Let's take a look at an example implementation of a transaction now that we understand what it means.

How To Implement Transactions (using PostgreSQL as an example)

PostgreSQL is an ACID-compliant, open-source relational database. It is widely known for its robustness, extensibility, and strict adherence to SQL standards.

In PostgreSQL, we use the following commands to control transactions:

  • BEGIN TRANSACTION - used to initiate a transaction

  • COMMIT - used to permanently apply changes made in the transaction to the database.

  • ROLLBACK - used to undo changes made during a transaction, returning the database to its original state before the transaction.

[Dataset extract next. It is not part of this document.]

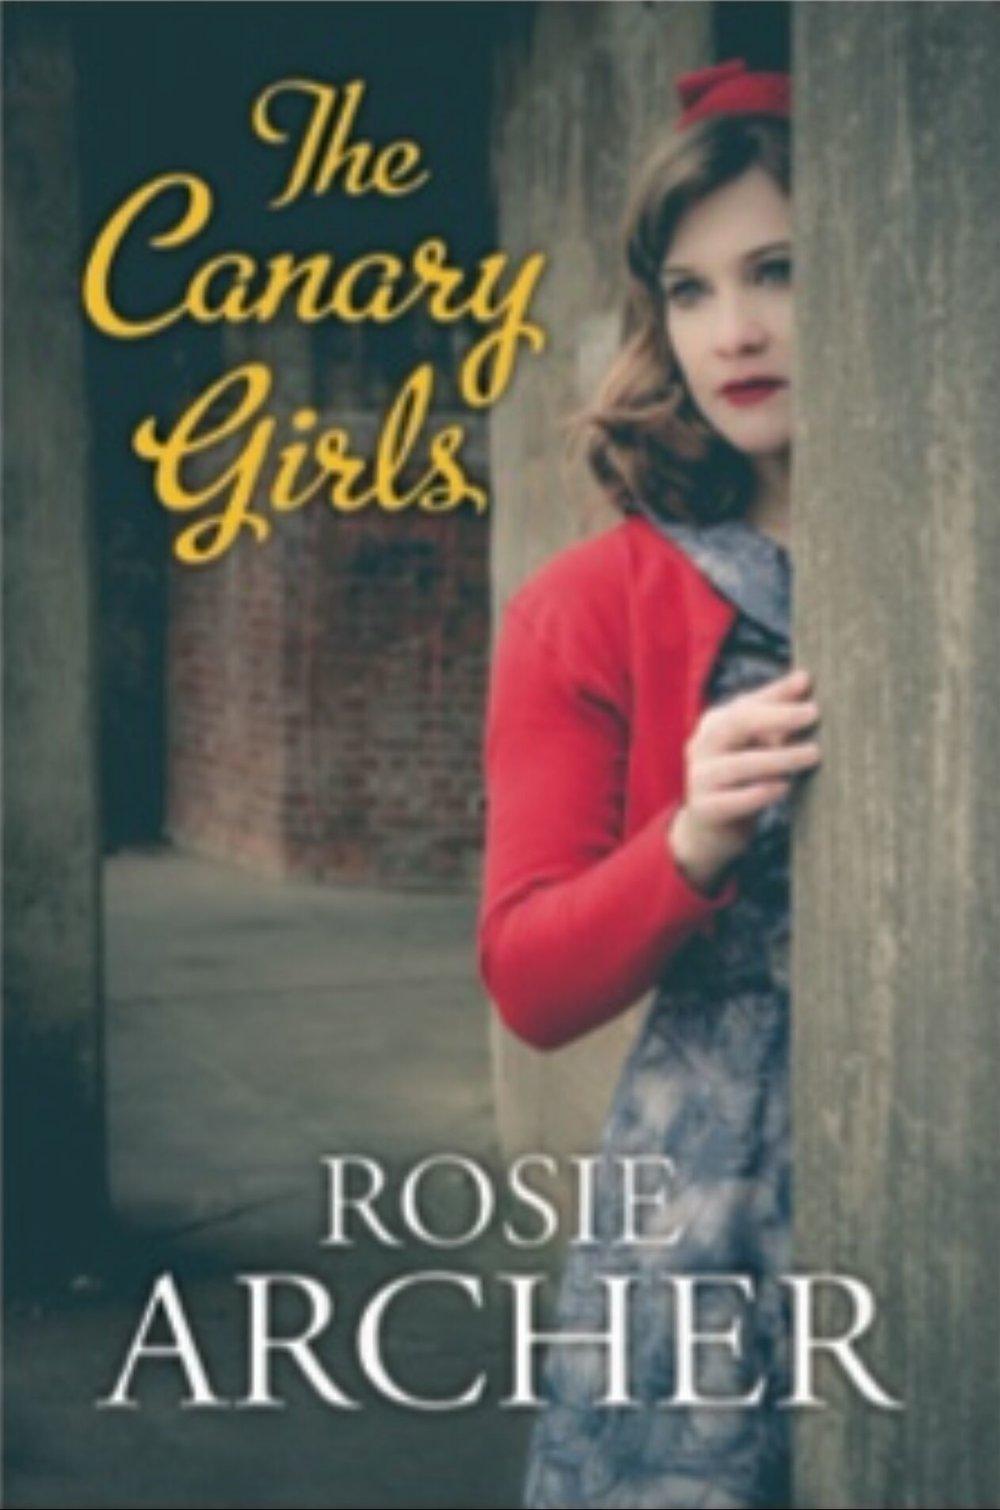 The Canary Girls - Rosie Archer.jpg

To illustrate how transactions work in PostgreSQL, let's consider a scenario where a customer places an order for a book in an online bookstore (based on the entity relationship diagram shown in Fig. 1). Here's a list of transactions that most likely will occur:

-- Assumming a customer with ID 001 places an order for a book with ID 101, ordering 5 units of the book -->

-- Initializing the transaction
BEGIN TRANSACTION;

-- Checking if the book with ID 101 is available
SELECT QTY_AVAILABLE
FROM BOOK
WHERE BOOK_ID = 101;

-- Deducting 5 book units from the stock of Book ID 101
UPDATE BOOK
SET QTY_AVAILABLE = QTY_AVAILABLE - 5
WHERE BOOK_ID = 101;

-- Recording the order details in the "ORDER" table
INSERT INTO ORDER (BOOK_ID, CUST_ID, QTY_ORDERED, ORDER_DATE)
VALUES (101, 001, 5, CURRENT_TIMESTAMP);

-- Committing the changes
COMMIT;

In this example, the BEGIN TRANSACTION command marks the start of the transaction. The subsequent SELECT statement checks for the book's availability, while the UPDATE statement reduces the available quantity of the book in the "BOOK" table as the customer places the order. The INSERT INTO statement, records the order details in the "ORDER" table, including the customer ID, book ID, ordered quantity, and the current timestamp for the order date.

By using a transaction, all these SQL statements are executed as a single, consistent unit of work. If any part of the transaction encounters an error, the entire transaction can be rolled back with the ROLLBACK command, ensuring that no partial or inconsistent changes are applied to the database.

Conclusion

In this post, you have learned about database transactions, ACID principles, and how transactions can be implemented in PostgreSQL.

Transactions are the foundation of secure and reliable data management, so understanding the concept will enable you to handle complex operations, as well as build robust and reliable applications that maintain data integrity.